TASK OBJECTIVE
In the copy, include all of the listing exactly and none of its pictures.
··· SOURCE MATERIAL ···
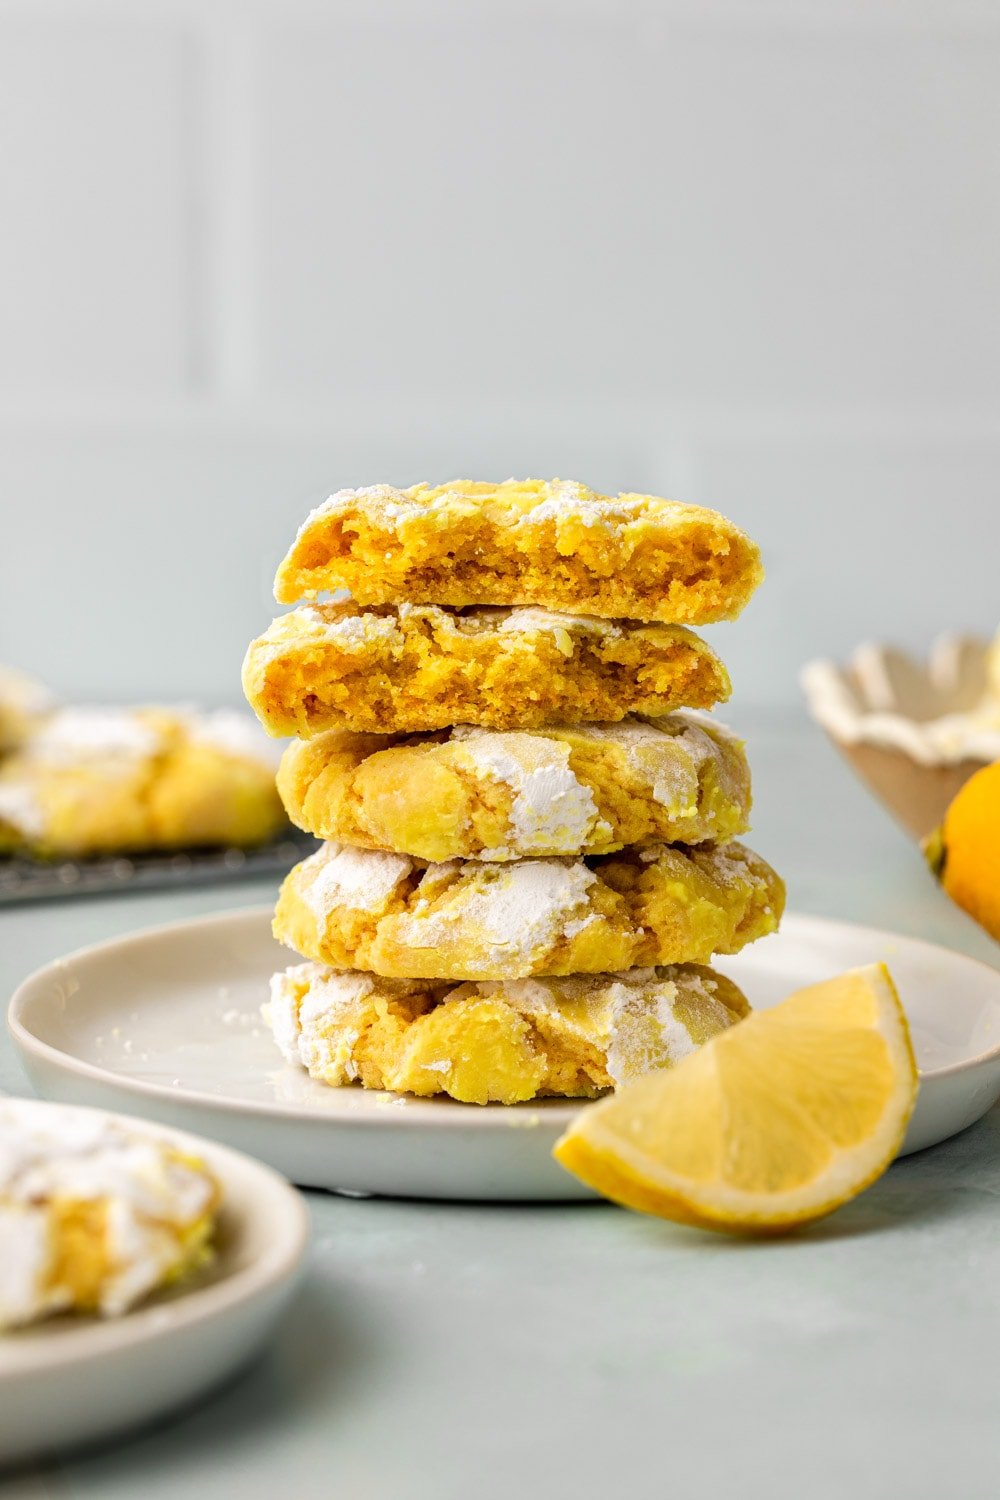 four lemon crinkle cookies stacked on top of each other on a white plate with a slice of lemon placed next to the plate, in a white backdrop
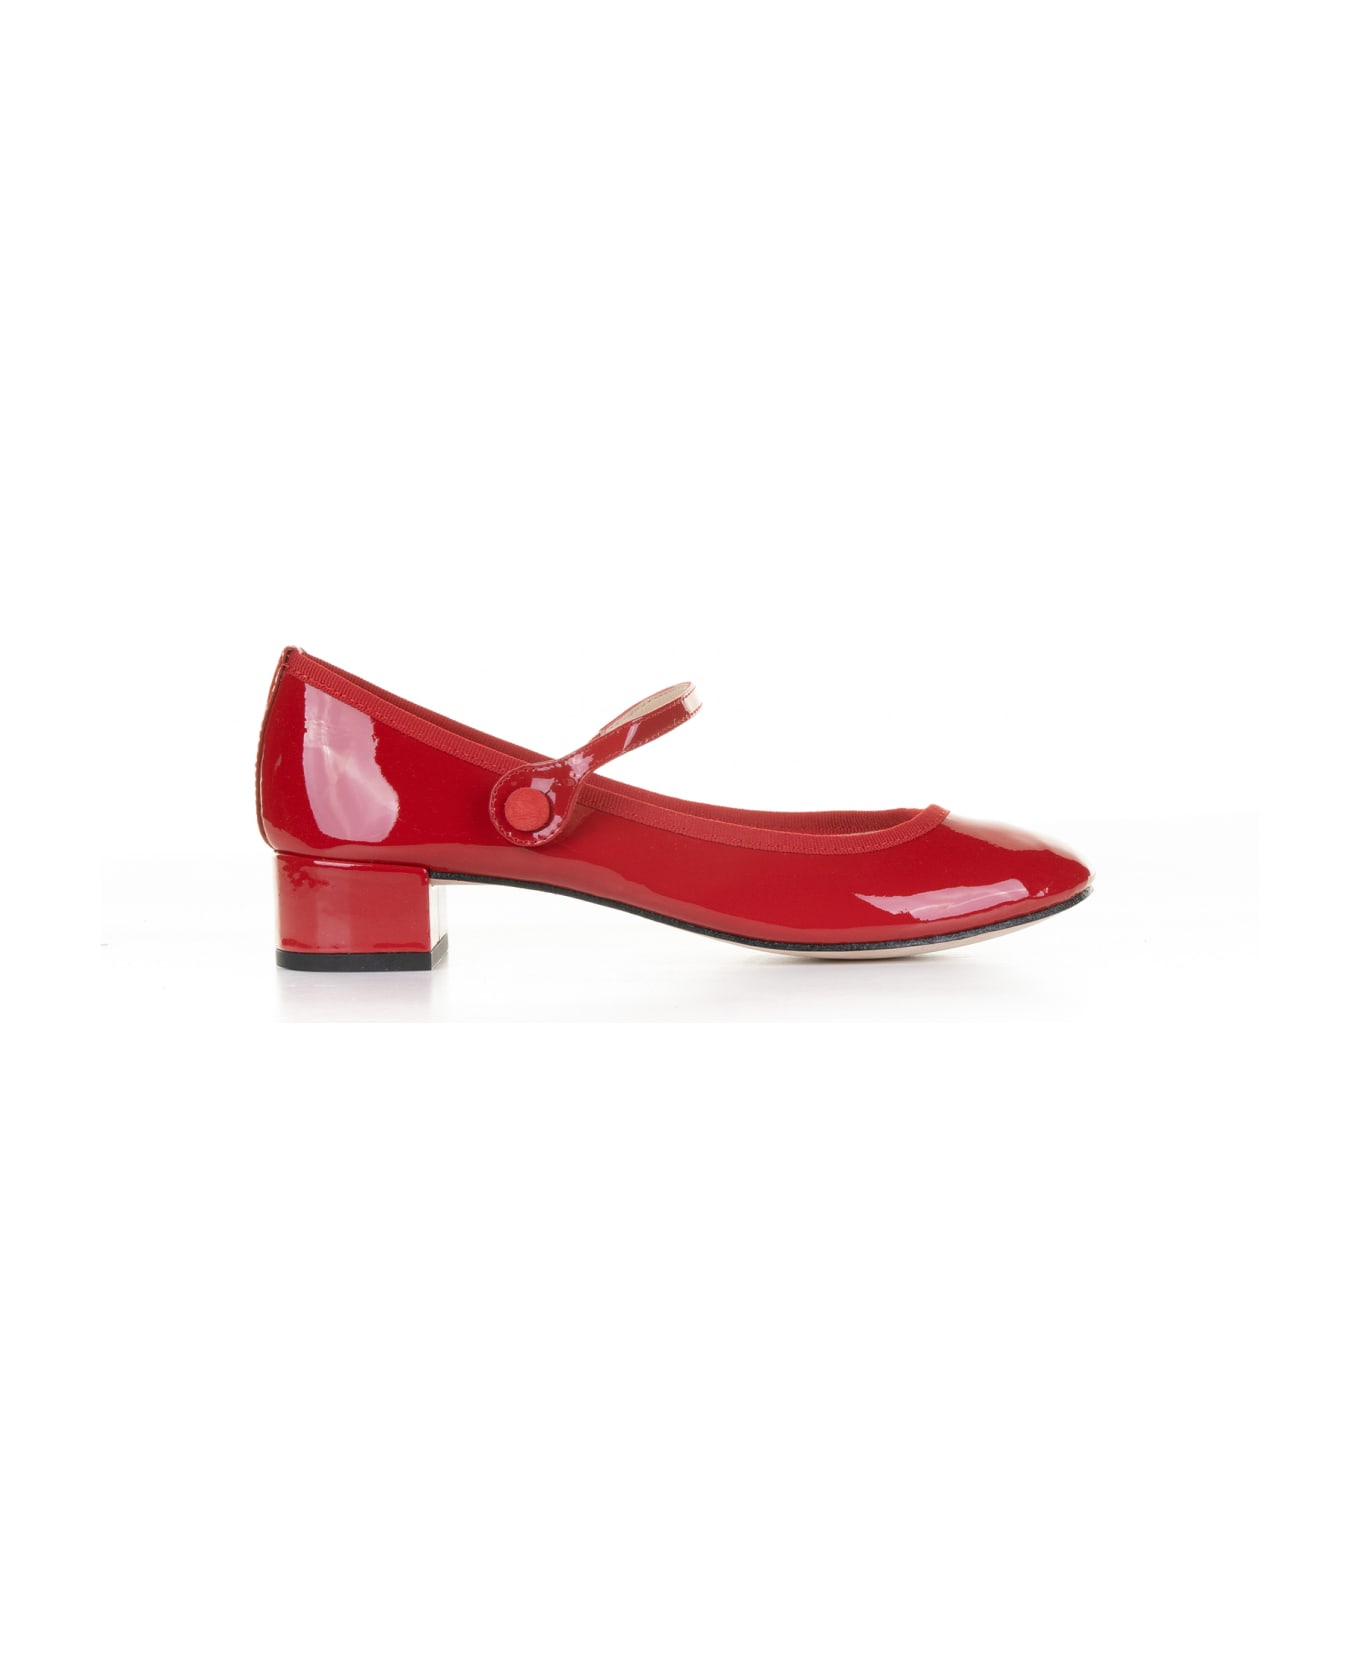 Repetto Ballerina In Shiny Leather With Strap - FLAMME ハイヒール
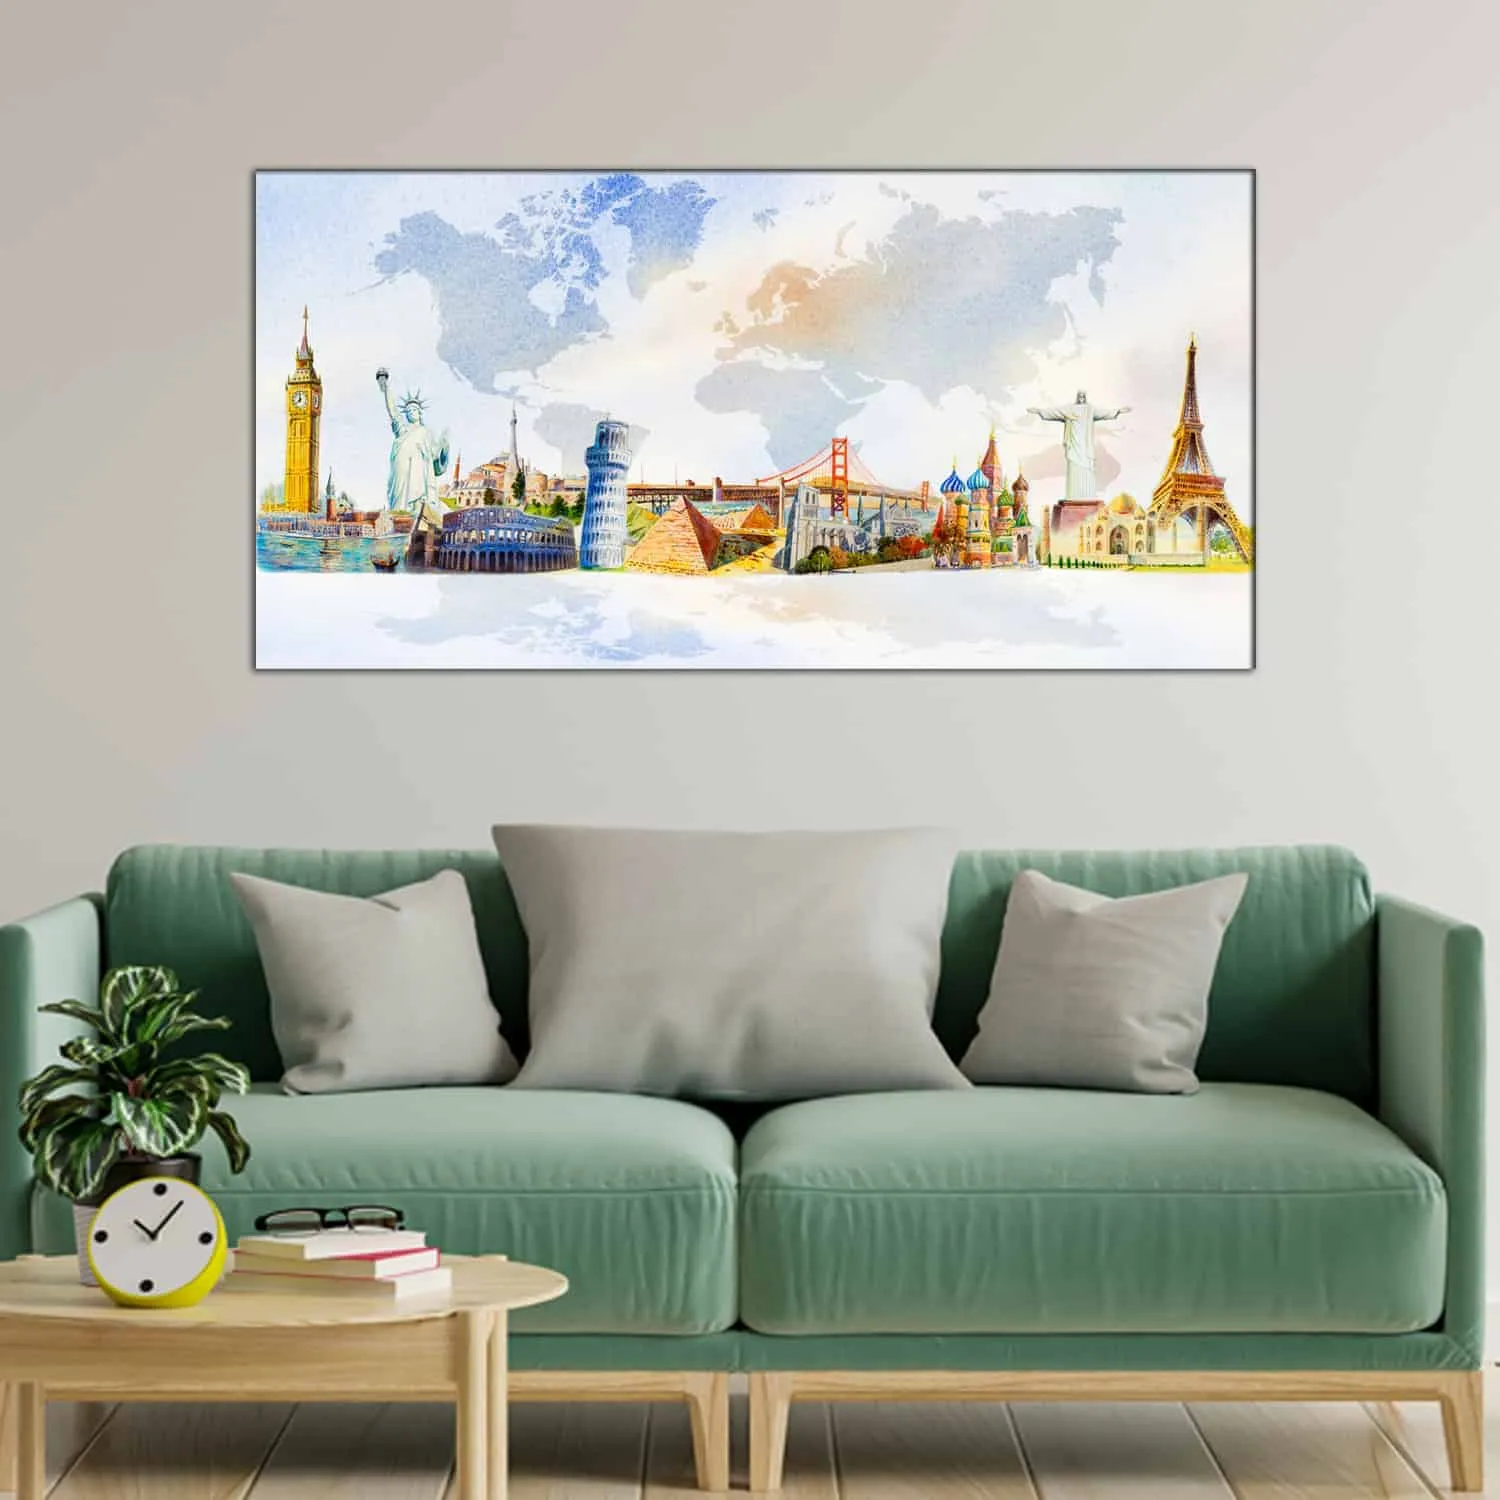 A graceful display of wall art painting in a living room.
···
EXERCISE OUTPUT
 four lemon crinkle cookies stacked on top of each other on a white plate with a slice of lemon placed next to the plate, in a white backdrop
 Repetto Ballerina In Shiny Leather With Strap - FLAMME ハイヒール
 A graceful display of wall art painting in a living room.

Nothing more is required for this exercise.